I thought I'd post this animation just to see why it shouldn't work. I am unaware of the designers name and I assume it fails to function as we would have heard all about it by now if it had.

 

 

If you can imagine that the moving chambers are connected by hoses and the weights inside suck and push depending on which side of the verticle it's on.

 

I look forward to your assessments?

Posted
If you can imagine that the moving chambers are connected by hoses and the weights inside suck and push depending on which side of the verticle it's on.
I suppose the designer aims to make a pump that needs no energy supply. The design is typical, based on the "brilliant idea" that the weights going up are equal to the weights going down, right?

 

But, every time a pair of cylinders goes arond the top and bottom pulleys the weights inside these go down the cylinders, therefore supplying the pumping power but at a price: the brilliant idea is incorrect. In fact the weight that has just gone over the top pulley is descending more than the cylinder, so not all it's decreasing potential energy is work being done on the belt, it is instead work done for pumping, while the other weight is gaining less potential energy than work done by the belt, this difference also being work done for pumping. Claro, no?

 

In UA's example the work function is also a potential energy, it doesn't matter if the potential inside the diamond is greater or less than in the vacuum, around the complete circuit the ups and downs must match up.

Posted

Qfwfq,

You may be very well correct in your assessment, however let me argue from an PPM enthusiasts POV as an excersise.

 

I would ask why would a chamber going down weigh any differently to a chamber going up?

 

Whether the piston is falling faster than the chamber or not should not effect the overall weight of the chamber?

 

I use the following diagram to support the device:

 

 

 

1] If we assume that the connecting hoses are blocked the device would settle into a state of balance as shown.

 

 

Can we agree on this point?

 

2] If we then release the hose block the following should happen

 

 

Can we agree on this point?

 

Can we agree that there would be a shift in weight from the right side of the verticle to the left side.?

 

3] If this weight shift is achieved wouldn't the conveyor be forced to seek balance again, and if we block the hoses would it not settle at the position shown in the frst diagram and the cycle can be repeated by simply blocking and unblocking the hoses?

 

Can we agree to this point?

Posted
I would ask why would a chamber going down weigh any differently to a chamber going up?
The weight isn't different, I talked about the work done by the weight. Work is equal to force times distance, when these have the same direction.

 

1)Fair enough.

 

2)40 kg descending a little raise 10 kg of fluid. By how much should the fluid be raised? Certainly not more than 4 times the distance that the 40 kg descend. But in your picture the distance is a bit more than 4 times.

 

3)If you work it out considering pressure and Pascal's law you will see there won't be an output of mechanical power.

Posted

Qf,

if we extend our imaginations a little and think of the weghts as being 1 metric ton.

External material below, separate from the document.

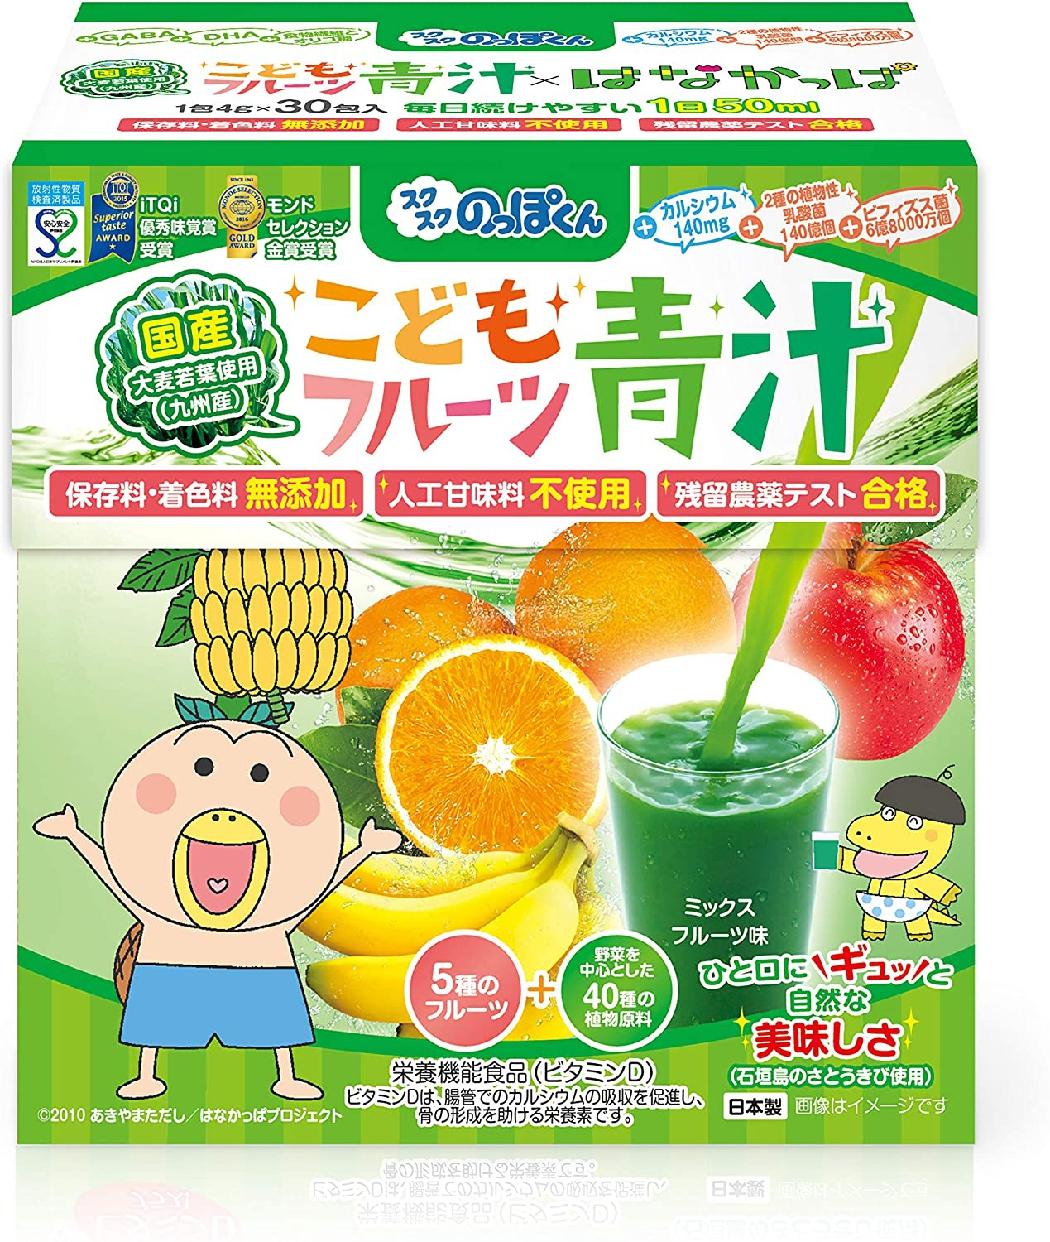 スクスクノッポクンこどもフルーツ青汁の商品画像

And the fluid to support and shift is no more than say 100 kgs, how would that effect our balancing.

 

the thing is any imbalance in the weght left to right would impart movement, abeit slow or small but it seems to me that it would.......i'm still trying to figure out why it fails in principle........

Posted
Qf,

if we extend our imaginations a little and think of the weghts as being 1 metric ton.

And the fluid to support and shift is no more than say 100 kgs, how would that effect our balancing.

So you would have a total of 10 metric tons hanging on the axle of the top pulley. Moving a little bit of fluid from one side to the other is not going to overcome the friction that axle would see from that magnitude of weight.

Posted

the point of my post was to show that if we take the principles involved the weight of the fluid is not a terminal issue.

 

If the weights where a mere 1kg and the fluid supported and to be sucked and pushed was only say 200 grams would we not have the same result with out the friction issue.....

Posted
the point of my post was to show that if we take the principles involved the weight of the fluid is not a terminal issue.

 

If the weights where a mere 1kg and the fluid supported and to be sucked and pushed was only say 200 grams would we not have the same result with out the friction issue.....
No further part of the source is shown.